Junior doubles pair sets eyes on third straight trip to state, Kiebert looks for one last memory at Clark Fork
Sports Editor | March 13, 2020 1:00 AM
CLARK FORK — Amidst the condos at Pend Oreille Shores Resort in Hope sits a single tennis court. During the spring when weather permits, this is the place the Clark Fork tennis calls home.
It’s small and only allows at most two doubles pairs to play at one time, but the players are grateful to have it.
“They’re just happy to have a court,” head coach Jeff Emmer said. “There’s always somebody who has it worse.”
When the Wampus Cats can’t practice outside, they play indoors at the Filling Station Youth Center in Clark Fork. Just like the resort, the center has one court but it is isn’t your typical tennis court. Instead, the hardwood surface is used for pretty much anything so kids have somewhere to go and be active when a North Idaho winter blows through.
Given that, it’s not the ideal surface to play tennis on but the team embraces it and enjoys the challenge.
The Wampus Cats are eager to get the season started and Emmer has hopes for his team of seven players.
“In a lot of ways I think it will be my best squad consistently through the whole lineup,” Emmer said.
The squad is much smaller from last year’s team of 16, but the talent coming back will allow Clark Fork to do some damage when districts roll around.
Seniors Ellie Kiebert, Kobi Dooley and Mathis Heisel, and juniors Blaine Williams, Wesley Simko and Eli Engelhart are all returning. The only newcomer is freshman Emily Myers.
Clark Fork’s No. 1 boys doubles pair of Williams and Simko is back after making it to the second day of state last year and Kiebert returns after qualifying for state in doubles in her first year playing on the team. But her doubles partner, Lily Simko, has graduated leaving her without one.
Myers is the only other girl on the team and Kiebert played with her on the volleyball and basketball teams this season so there is certainly some chemistry there but Emmer is unsure if they will be a doubles pair or Kiebert will play singles on her own. Time will tell but Emmer isn’t worried about it.

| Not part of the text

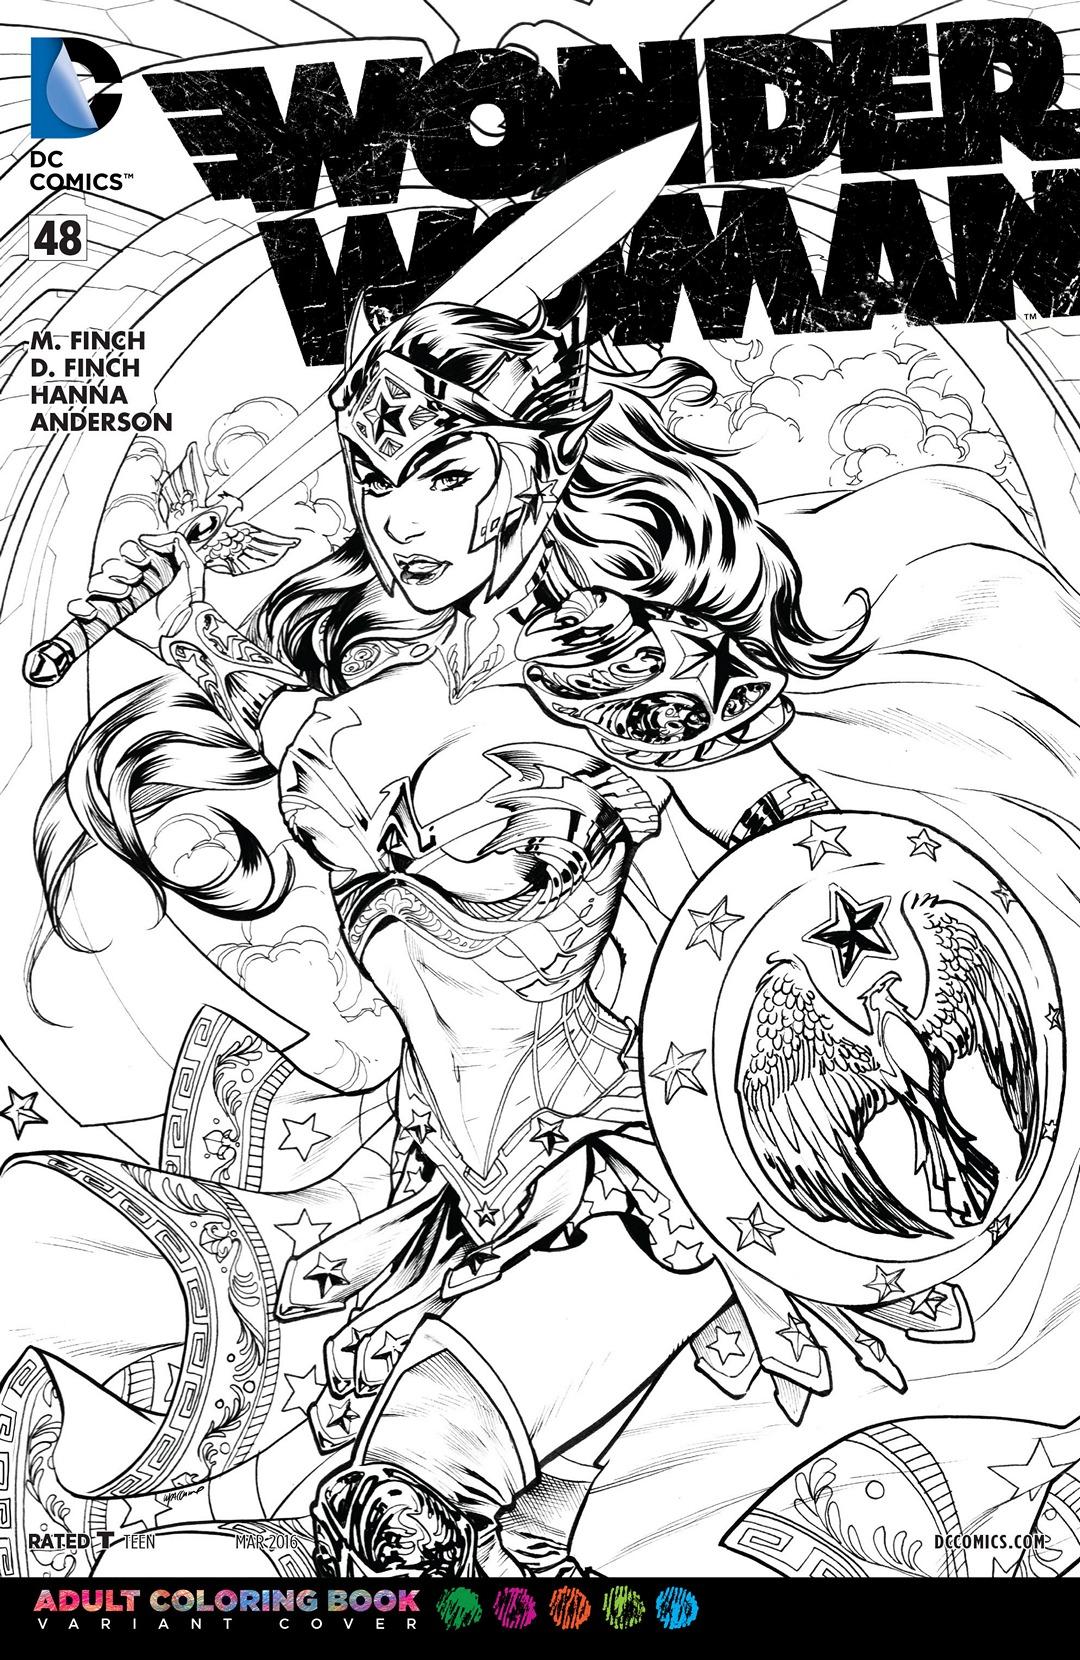 image wonder woman vol 4 48 adult coloring book variantjpg dc database fandom powered by wikia - Wonder Woman Coloring Book
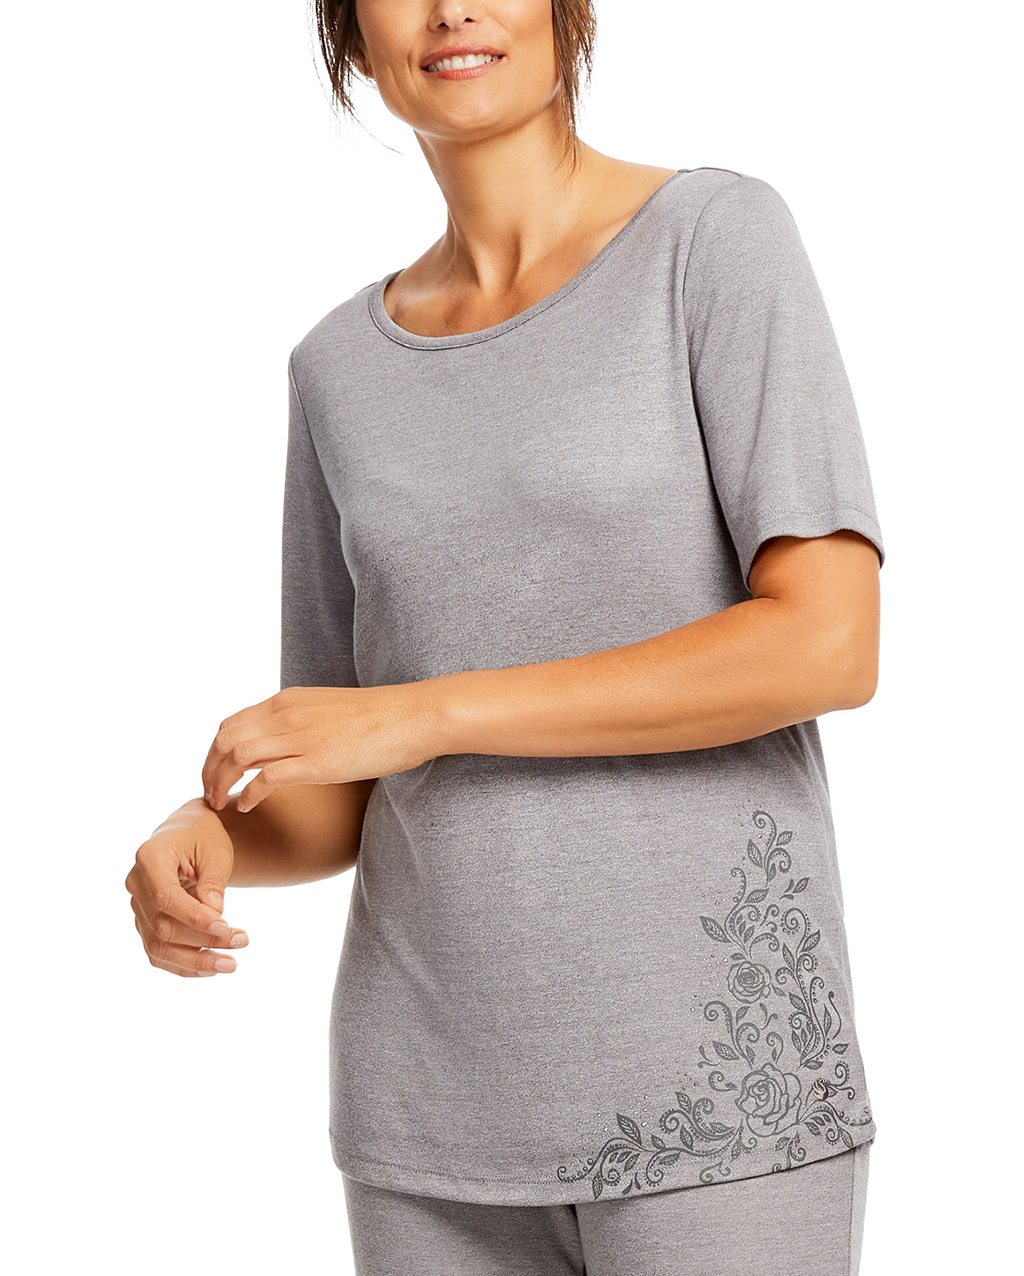 Gloria Vanderbilt Women's and Women's Plus Laura B Short Sleeve Sleep Top

“We’ll just have to see how the year develops and where she goes,” Emmer said. “I’m sure she’ll make it to state in whatever event she is in but I’d like to see her get some wins under her belt down there.”
Like every sport Kiebert takes up, she excels and Emmer wasn’t surprised that she was able to have such an impact right away.
“If she would have started as a freshman ...,” Emmer said with a grin. “She’s a natural.”
The duo of Williams and Simko has been to state the last two years and has no plans on slowing down anytime soon. Emmer said he expects the pair to keep getting better and more confident each year they make it to state.
“That was a real eye opener for them to go down there as freshmen,” Emmer said.
When Williams joined the team, Simko was the only other boy on the team so they were kind of forced to be a doubles pair but he’s glad that happened.
“I like playing with Wes,” Williams said. “He’s a good teammate.”
Williams used to play baseball but when he saw how much people enjoyed tennis, he switched it up.
“I always just thought it looked fun so one year I just decided to try it,” he said.
Williams hasn’t set any goals for what he wants to accomplish with his doubles partner this season at state , he just wants to continue to improve.
Kiebert has been looking forward to getting outside of the gym she is usually stuck in playing basketball and volleyball and has been able to make the transition from basketball season seamlessly.
“It’s just so fun because tennis is such a friendly sport and you don’t have to push people around,” Kiebert said.
Throughout her high school sports career, Kiebert has been regarded as a vocal leader thanks to her competitiveness and fearlessness, and she plans on doing just that in her final season on a Clark Fork team.
“I like tennis because you know it’s on you,” she said. “Since there is not as many people it’s like you control your emotions.”
Kiebert is glad she gets to wrap up high school playing tennis because it’s calming, stress free and allows her a little more free time to fill out scholarships for college.
When Emmer isn’t coaching the Wampus Cats, he’s a self-employed building contractor. Emmer builds time around his schedule to make sure he can coach the team when spring comes around and he enjoys every second of being with the team.
“It’s a blast,” he said. “I just really love it. It’s a pretty sweet job.”